Gönül tezgahıma işliyorum seni nakış nakış.
Aklımın her karışına...
Akışına katıyorum seni hislerimin.
Bakışımın her santimetrekaresine.
Her adım atışıma.
Sana olan aşkımı ispat peşinde değilim.
Nasıl sevdiğimi gör istiyorum.
Kördüğüm ol başkasına.
Gördüğüm ol hep.
- Az değilsin sen! dedin değil mi bana?
- Sana elbette az değilim, çoğum ama başkasına hiç yoğum.
Sen beni kar tanesi bilirsin oysa ben sana çığım.
Yağmur damlası zannedersin, oysa ben sana sel'im.
Bir adet dersin belki bana ama ben sana milyonum.
Bir gülücük dersin bana oysa sana kahkahayım.
Bir öpücük gibi düşünürsün beni oysa ben seni nefessiz koyacak denli öpenim.
- Zeytinyağı gibi hep üste çıkıyorsun kelimelerinle.
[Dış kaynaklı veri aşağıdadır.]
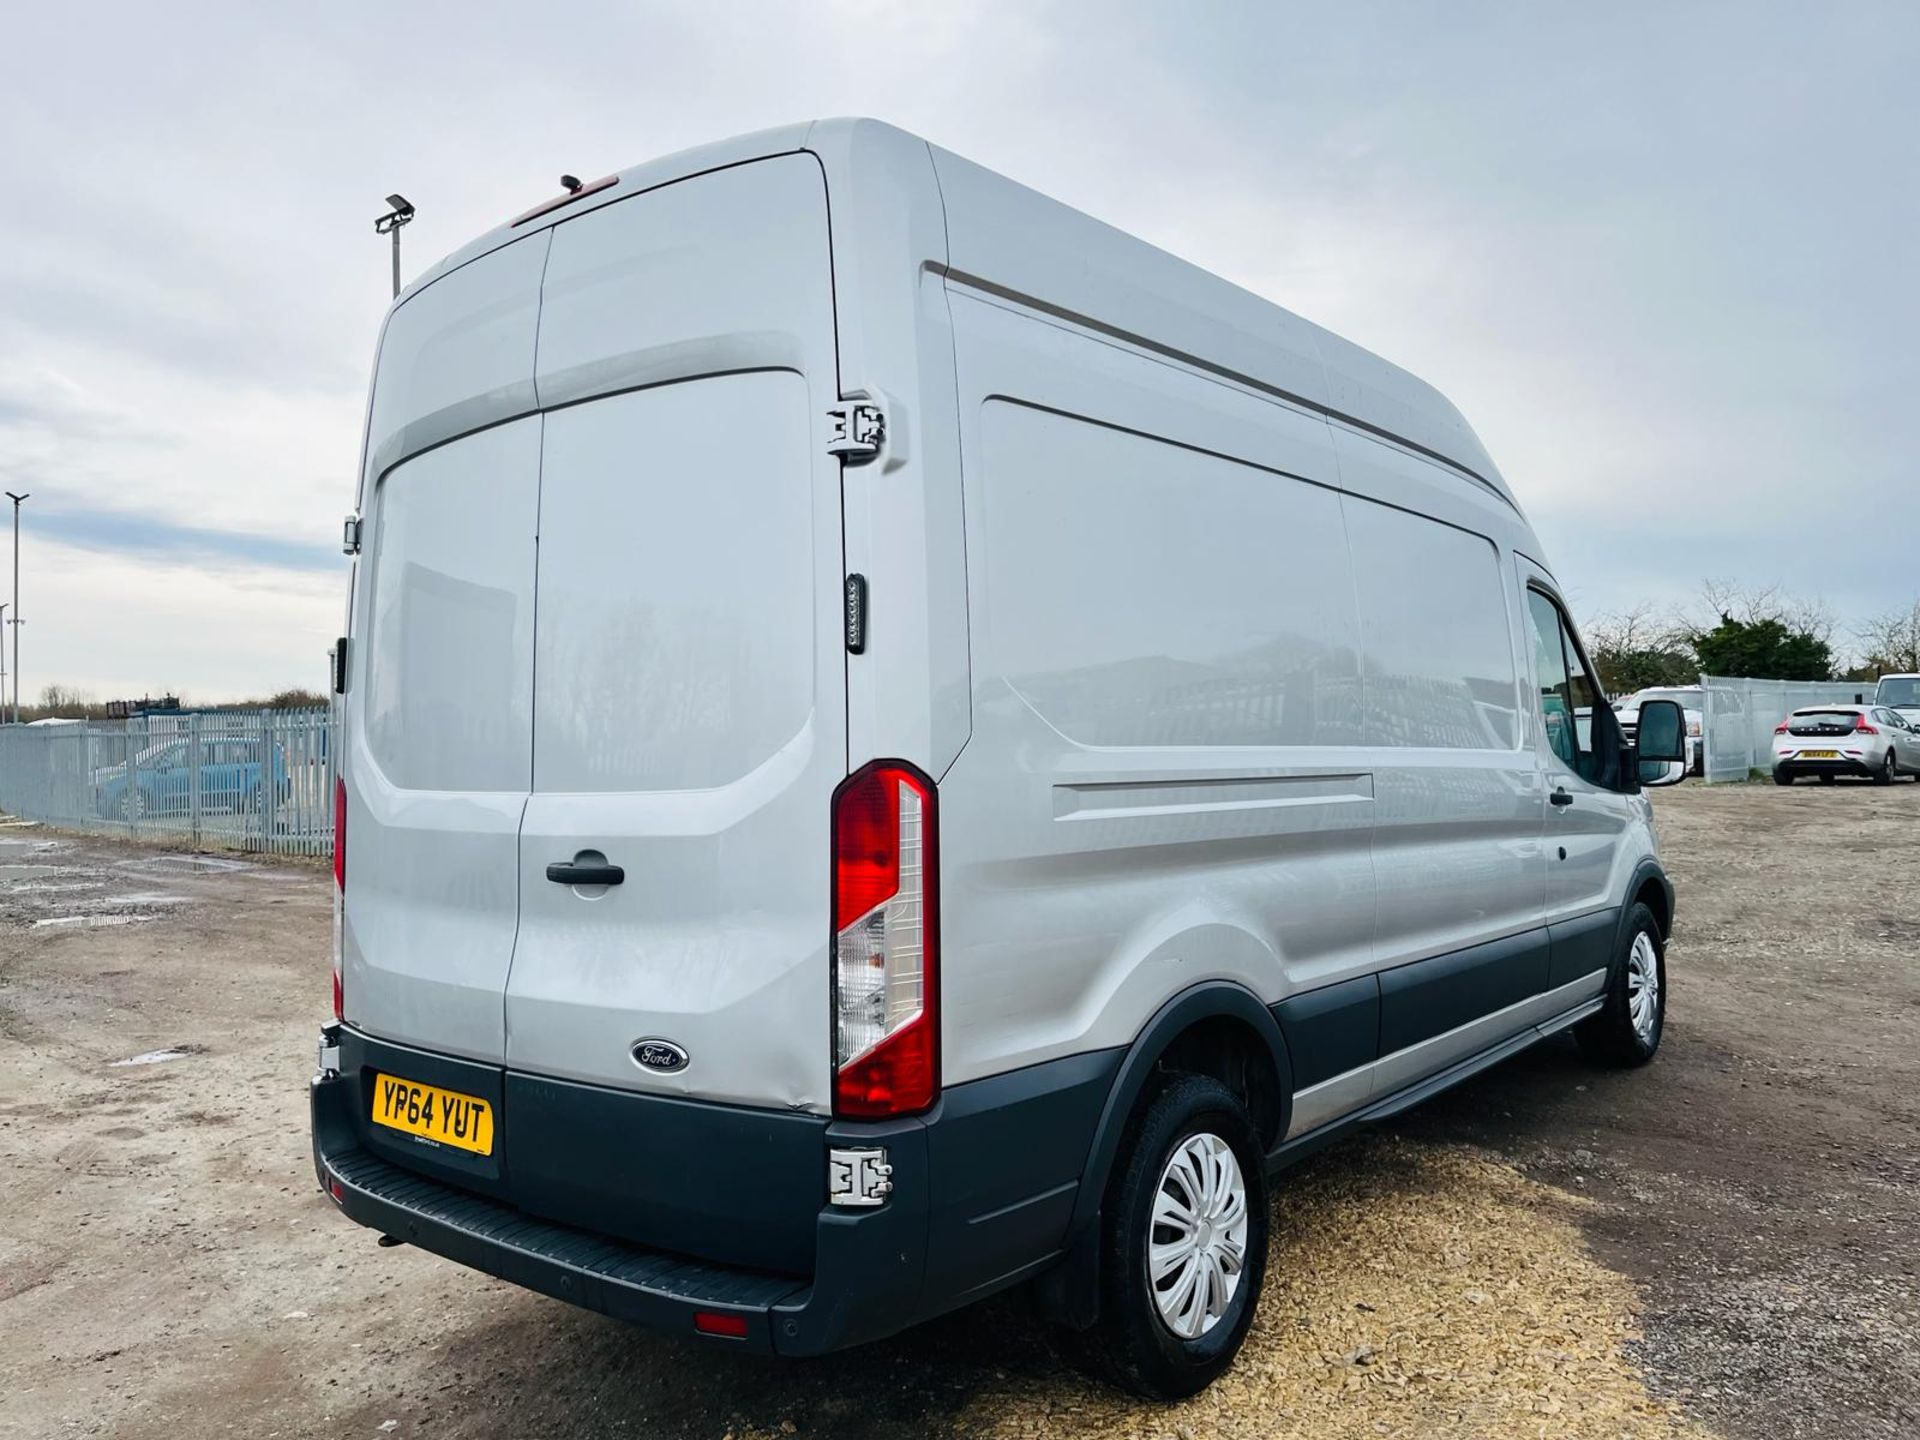 ** ON SALE ** Ford Transit Trend 350 TDCI 125 2.2 L3 H3 2014 '64 Reg' - Parking sensors - Air Con - Image 12 of 27

Seninle baş etmem mümkün değil. diye teslim olduğunu görüyorum.
- Seni teslim alıyorum. Yüreğini işgal ediyorum. Aklını gasp ediyorum. Her bir karışını iltihak ediyorum. Seni senden çalıyorum. Seni mahkum ediyorum bana, hükmü veriyor kalemi kırıyorum. İnfaz gerçekleşiyor: Gözlerini gözlerimin emrine, ellerini ellerimin gardiyanlığına, dudaklarını dudaklarımın muhafazasına veriyorum. Müebbetimsin.
- Darbecisin.
- Seni özgür kılıyorum canımda.
Her neyse?
Sustuğunda ölüp ölüp dirildiğim, olduğunda öpüp öpüp bittiğim nerdesin sen şimdi? Mevsimlerden sendeyim. Rüzgarlardan sen esmelisin. Çiçeklerden sen açmalısın. Soluduğum havada kokun yok! Baktığım maviliklerde, durduğum serinliklerde... Ruhuma değin sinen... Canıma katık olan... Sen sevdiğim, nerdesin? Harflerim emrine amade, kelimelerim kapında kul köle, cümlelerim canına minnet! Gerisi gördüğün gibi bana eziyet.